その声で魅了して。~イケメン寡黙上司の裏の顔は×××でした~



「宮本さん」
「っ、はい」

 資料作成に集中していたから、背後まで近づいていた人物に気づくのが遅れてしまった。
 慌てて振り返れば、声をかけてきたのは橋本係長だった。

 完璧に着こなしたスーツ姿に、すらりと引き締まった体躯。指通りの良さそうな艶やかな黒髪。

 最近テレビに引っ張りだこの若手俳優のように精悍な顔立ちをしているが、とても寡黙で業務に必要なこと以外はほとんど話しているところを見たことがない。だけど冷たいわけでもない。

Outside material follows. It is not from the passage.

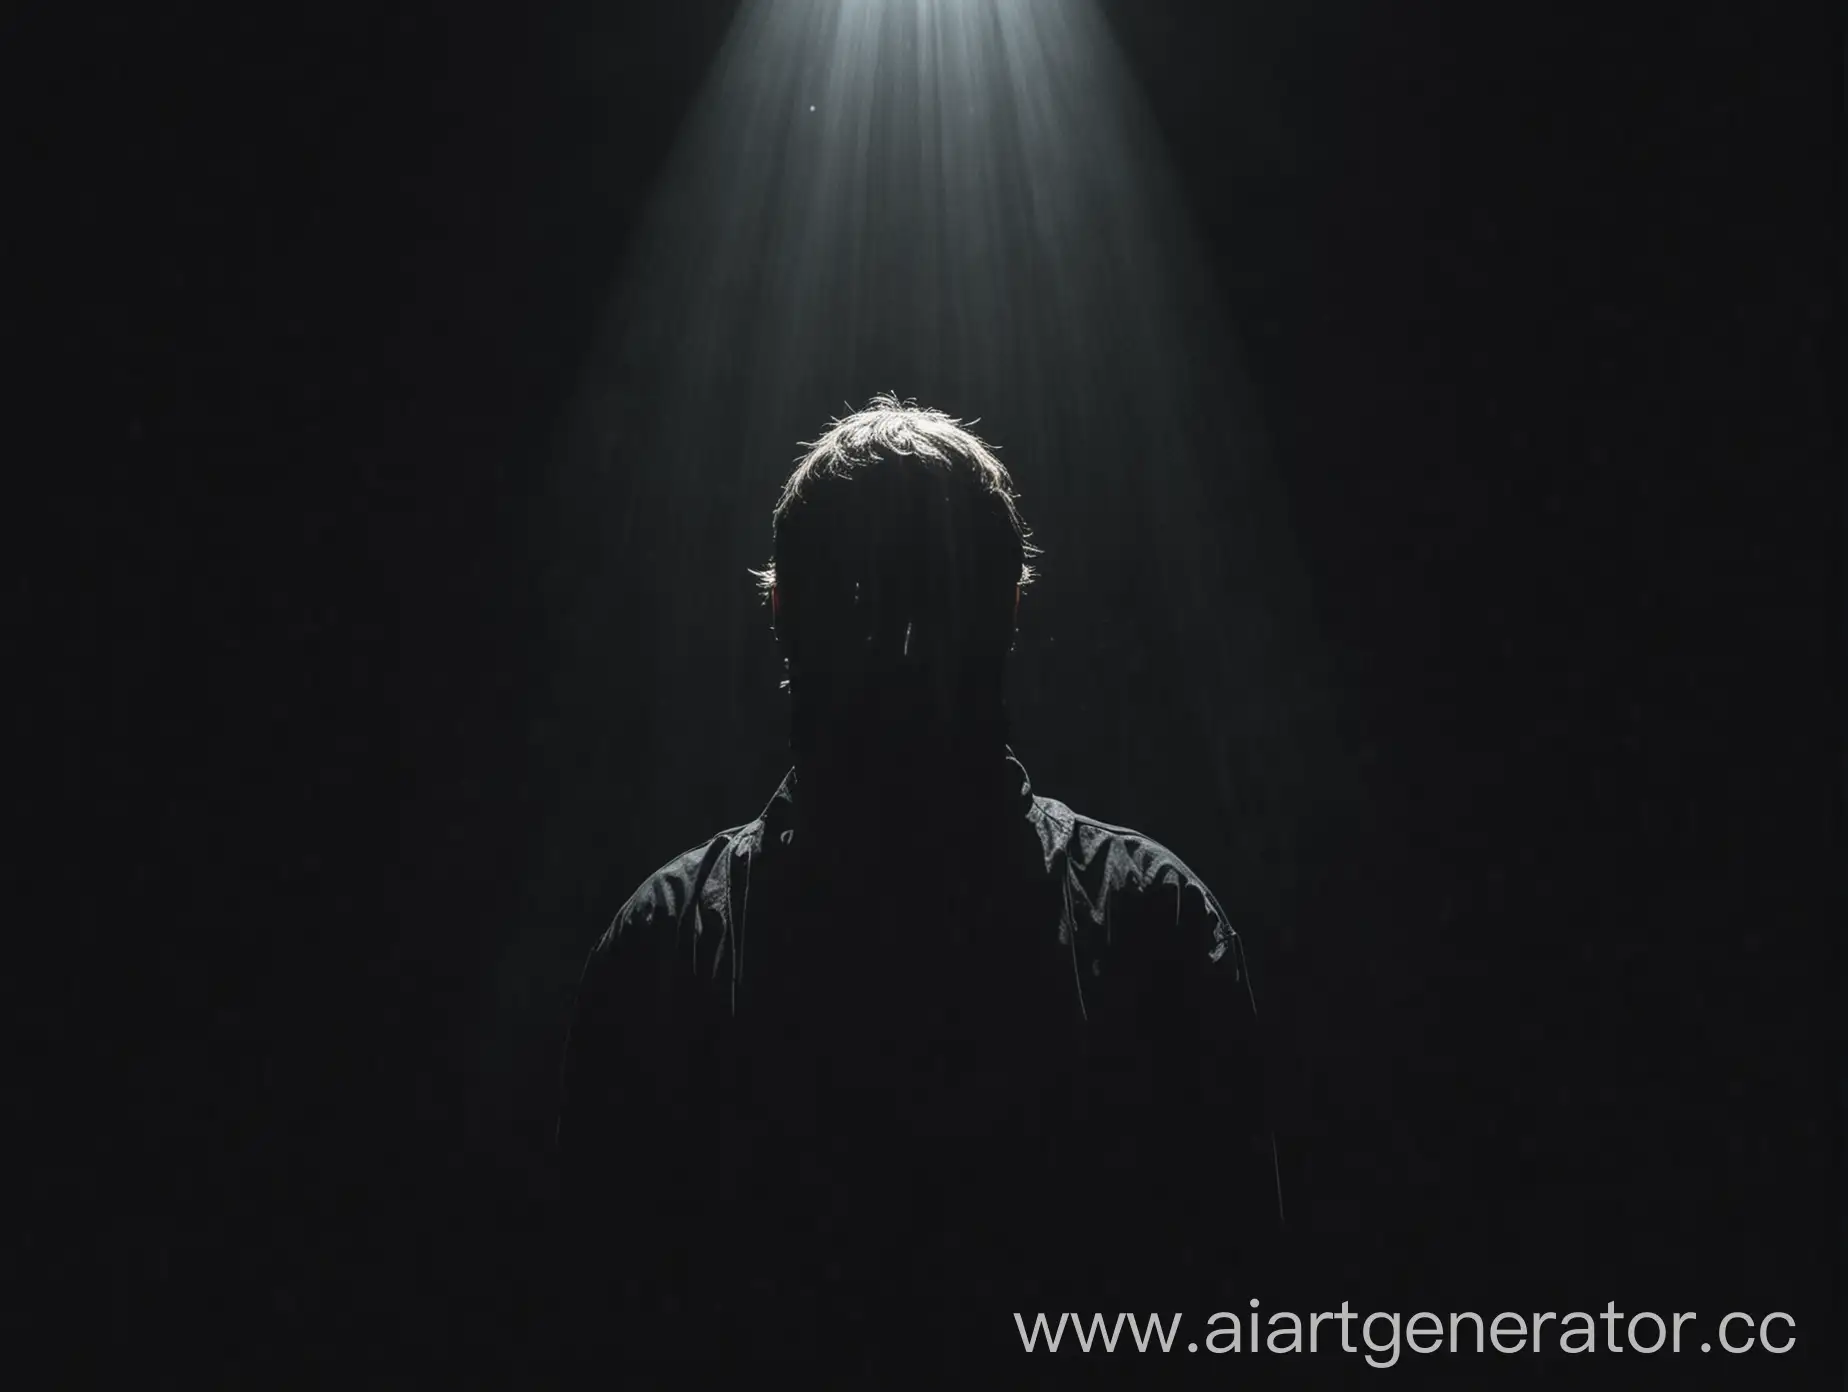 Человек без лица в черной комнате под источником света

「この資料、よくできていた。だが、最後のページだけ分かりにくいな。もう少し文量を少なくして、製品の情報を表にしてまとめてみるといい」
「分かりました。修正しておきます」
「ああ。……宮本さんの資料は丁寧で見やすいから、安心して任せられる。頼りにしているが、無理はするなよ」

 橋本係長は、ほんのわずかに口角を上げて労いの言葉をかけてくれると、自分のデスクに戻っていった。

 ――こんな風に部下を気遣ってくれる優しい上司の橋本係長は、当然、社内でも女性社員から密かに人気を集めている。

 昨年まで同じ営業部にいた同期に、部署移動になったことを伝えた際、橋本係長の下で働けて羨ましいと言われたのは記憶に新しい。

 私も、橋本係長のことは上司としては尊敬しているけど……ほんの少しだけ苦手意識があるのも事実だ。

 だって、何を考えているのかよく分からないから。
 対面すると、どうしても緊張してしまう。